Bruce Wilds: Idealism, Optimism, & Why We’re Doomed

Authored by Bruce Wilds via Advancing Time blog,

The images of protest and violence that fill viewing screens across the globe underline the fact we are not on the way to nirvana, a state of idyllic peace and happiness. In my younger days, I was a full-blown idealist full of optimistic thoughts of how if we all worked together we could create a wonderful world. It soon became apparent that many people were not interested in work or doing, “their fair share” just for the sake of adding to the overall health and well-being of the community. This is the fatal flaw in the socialist theory. Adding to the problem is the human-animal by nature, while considered a social creature, seems unable to agree on much of anything. This of course extends to how we live, goals, and even the kind of lifestyle we wish to live.

Vincent is a song by Don McLean written as a tribute to Vincent van Gogh. It is also known by its opening line, “Starry Starry Night”, a reference to Van Gogh’s 1889 painting  The song, by Don McLean, in some ways, is an ode to idealists everywhere. The lyrics are a comparison to Van Gogh’s actual life.

They take us on a musical journey from Van Gogh’s vantage point looking out from the asylum at Saint-Remy. History shows Van Gogh to have been a troubled soul that lived in torment and spending time in the mental asylum where he painted mainly from his room or the courtyard garden. Later he went further afield to paint. Van Gogh attempted suicide by shooting himself in the chest, which ultimately led to his death two days later.

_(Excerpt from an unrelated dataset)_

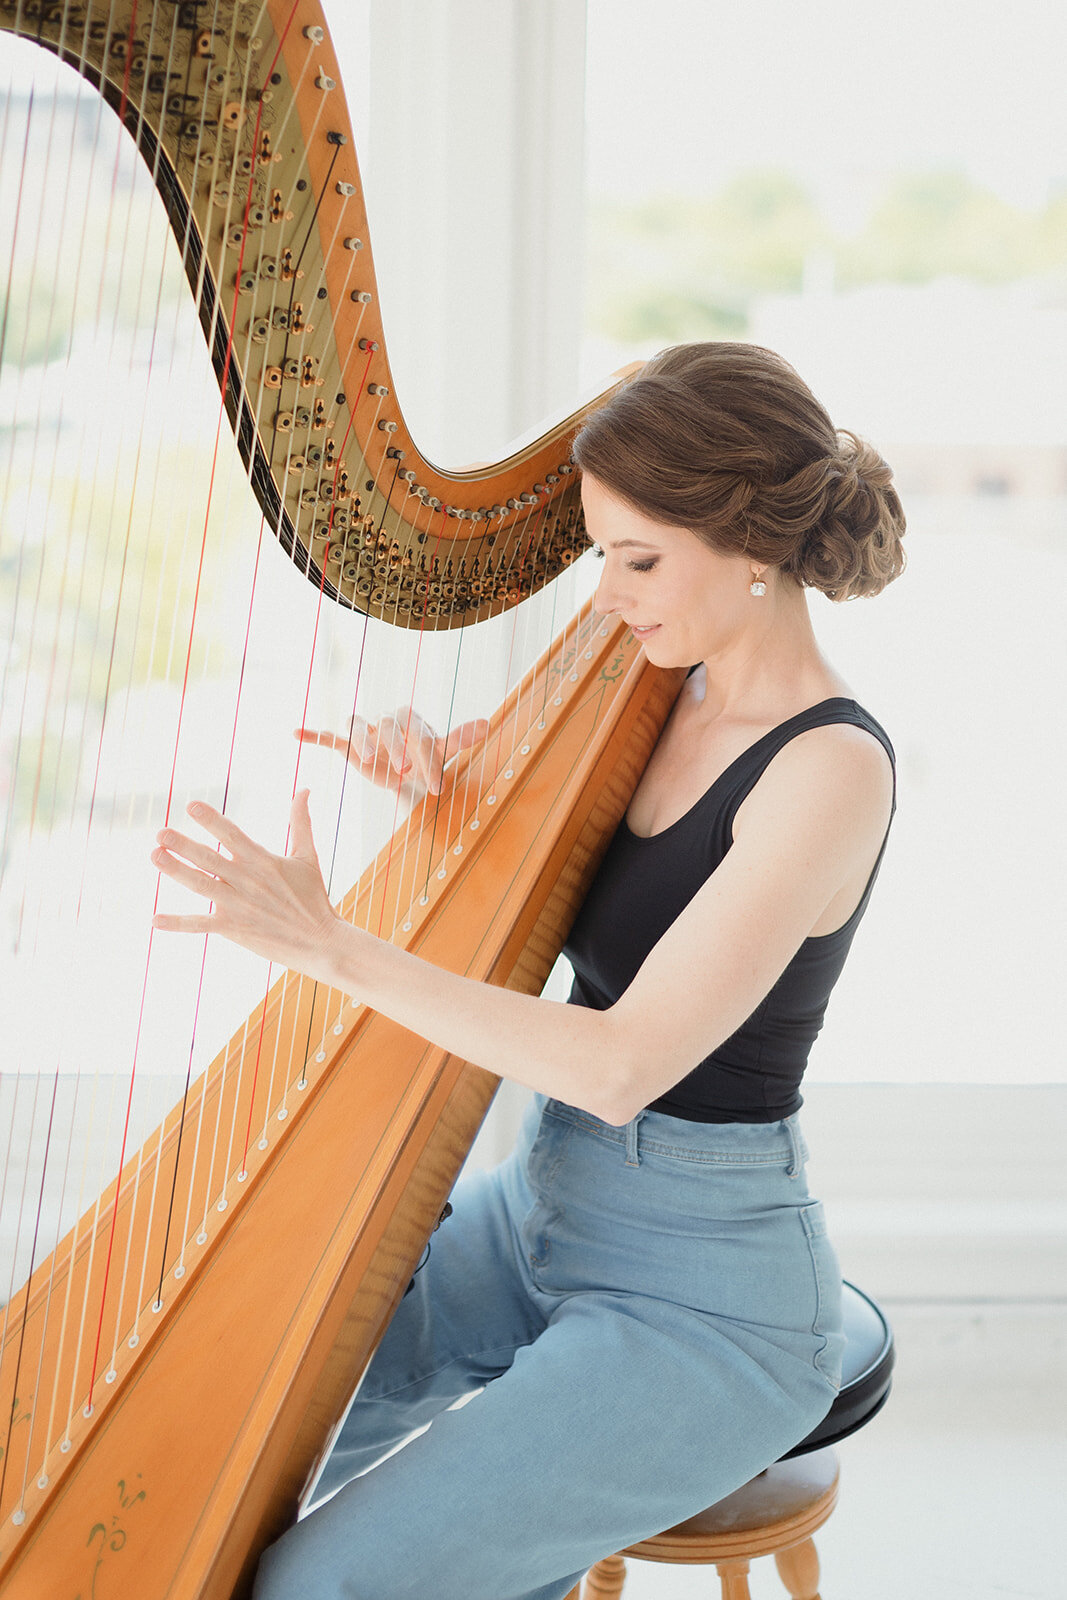 fair skinned woman with dark hair in black tank top and jeans, playing harp.

Vincent Van Gogh  is among the most famous and influential figures in the history of Western art. In just over a decade, the Dutch post-impressionist painter created about 2,100 pieces of artwork. This includes around 860 oil paintings, many of these were done during the last two years of his life. They include landscapes, still lifes, portraits, and self-portraits, Starry Starry Night is the most famous. Most people are unaware of the fact that Van Gogh was never famous as a painter during his lifetime and constantly struggled with poverty. He sold only one painting while he was alive.

Click to see more images of Van Gogh in Arles

Years ago I had the good  fortune to be able to visit the beautiful city of Arles, France where Van Gogh lived for more than a year, he experienced great productivity there before suffering from a mental breakdown. Van Gogh was a prolific correspondent and wrote nearly as many letters as he created paintings. In one of the last letters, some four days before his death, he wrote, ‘I try to do as well as certain painters whom I have greatly loved and admired.’

The most telling part of the lyrics is the line, “But I could have told you, Vincent, This world was never meant for one As beautiful as you.” This can be interpreted to mean that idealists or those who see the world through rose-colored glasses are doomed to a life of disappointment and pain. This extends into most areas of life, that is why luck is such a treasured commodity. This line in the song should also be considered a warning to idealists that over time they will suffer a thousand cuts.

It would be unfair to those of you that have read to this point not to make an effort to return to the inspiration that caused me to write this article. Sadly, the cynics reading this will tell you the only thing you can count on is that those in charge will never fail to fail us. Being thrown under the bus is more common than we want to talk about. Many idealist are simply naive, this translates into their lack of experience, wisdom, or judgment as setting them up for a life of great disappointments. While it has been said, pioneers take all the arrows, it could also be said that idealists leave themselves open to a life of heartbreak.

Life is full of lessons and many of them are learned from the harsh reality that slaps us in the face each day, one of these is that a vocal minority can create chaos. Another is that those with an agenda will often gain power by devoting a great deal of their energy to this goal. After gaining power these people justify the actions they take by saying they serve “the greater good.” For the many of us that have seen too much, it has gotten to the point where we should think about lowering our expectations the world will suddenly get better.